El Dr. Solanet montando uno de sus sementales premiados. Esta fotografía fue tomada hace 40 años.
LA TAREA DE MI CORAZON
Hoy Emilio Solanet, cargado de años y honores, se ha retirado a El Cardal después de 40 años de enseñanza y de distinguida carrera parlamentaria. Podría dormirse en sus laureles, pero todavía atiende todos los detalles del manejo de su estancia, la supervisión de la esquila y los rodeos, y selecciona personalmente los animales para la venta y los que se han de reservar para la cría. Lleva escrupulosos registros de la genealogía de sus equinos y vacunos. Doma a sus criollos lentamente, sometiéndolos a la silla sólo a los cuatro años de edad (la mayoría de los caballos son domados entre los dos y los tres años), y en vez de domarlos en dos días mediante la fuerza bruta, exige que sus gauchos pasen tres meses sobándolos y palmeándolos, hasta que es casi una consecuencia natural que el animal soporte por primera vez silla y jinete.
Sin embargo, acerca del mantenimiento de la pureza de la raza, don Emilio es tan inexorable como las leyes que crearon el criollo. En octubre de cada año todos los criadores de criollos llevan unos cuantos de sus mejores caballos hasta una estancia cercana a Buenos Aires. Allí, y durante un período de varios días, cada animal debe recorrer 725 kilómetros a diferentes ritmos de marcha, observado por jueces elegidos entre criadores, veterinarios y oficiales de caballería. Los animales que no se distinguen por su resistencia, fuerza y voluntad, no pueden ser cruzados ni registrados. Son castrados o esterilizados, y se utilizan como bestias de trabajo. "Ninguna otra raza de caballos está sometida a prueba semejante", nos dijo.
Aun así, 40.000 criollos están hoy registrados en los libros de la Sociedad Rural Argentina. Son propiedad de estancieros de un confín a otro de la Argentina, y don Emilio ha exportado criollos a cerca de doce países de América y de Europa. Los que alguna vez se burlaron de sus esfuerzos, ya no se burlan. En 1968, en la exposición ganadera anual de los jardines de Palermo, tres sementales criollos se vendieron en 800.000 pesos (2300 dólares) cada uno (más de tres veces el precio más alto pagado jamás por animales anglo-normando-argentinos de cría local). Son criollos los animales de trabajo empleados en las 300.000 hectáreas de la Mate Larangeira, gigantesca empresa de explotación agrícola del Paraguay tropical. "Ningún otro caballo podría vivir alimentándose con pastos ordinarios, resistir el calor y las garrapatas, y seguir trabajando como el criollo", nos dijo un director de la companía.

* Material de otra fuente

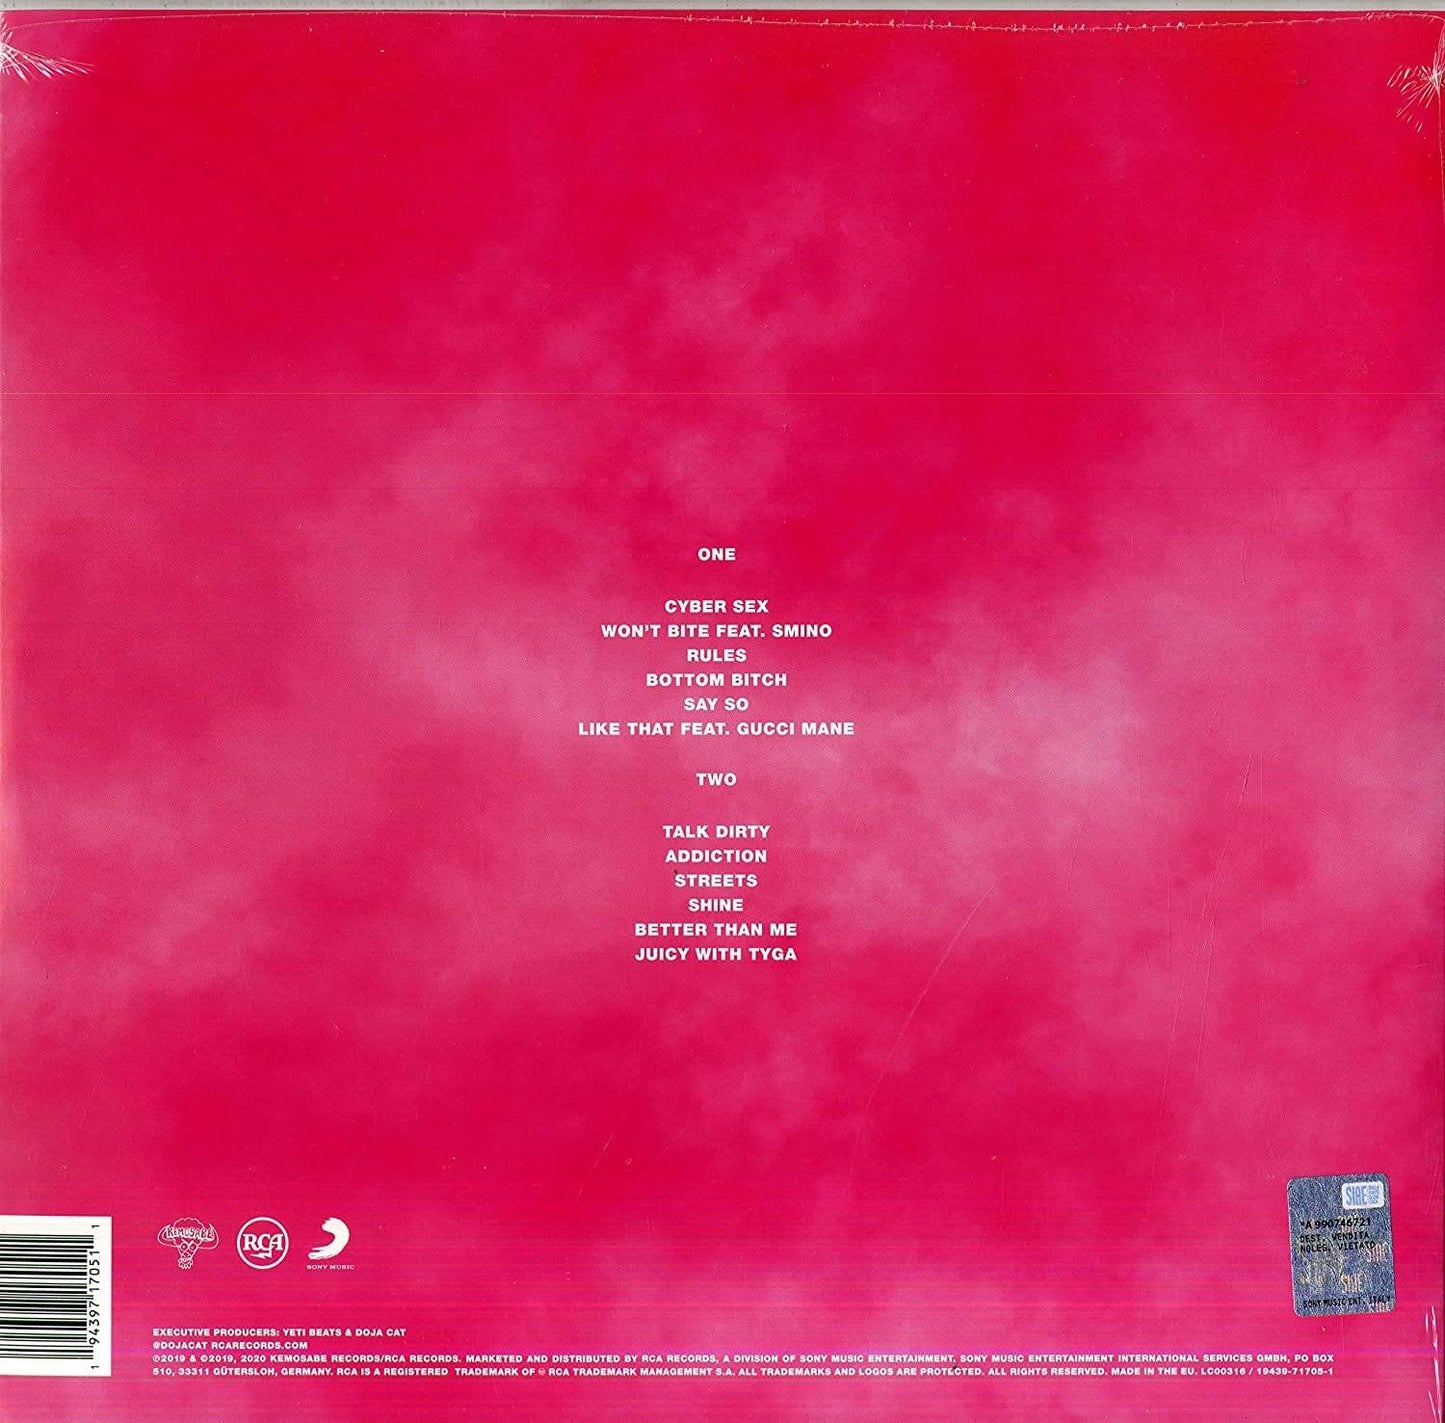 Doja Cat - Hot Pink (Explicit) (Limited Edition, 150 Gram, Pink Vinyl) (LP) - Joco Records

Como el animal que él ha recreado ha probado su valor, don Emilio no teme que sus reglamentos sean desechados alguna vez. Con un ademán en dirección de los rebaños de ovejas de lana espesa y de los enormes y plácidos vacunos Aberdeen Angus, mientras cabalgábamos con él por sus campos, nos dijo: "Estos traen el dinero, pero esta", y afectuosamente palmeó el pelaje bayo de su montura, "esta es la tarea de mi corazón".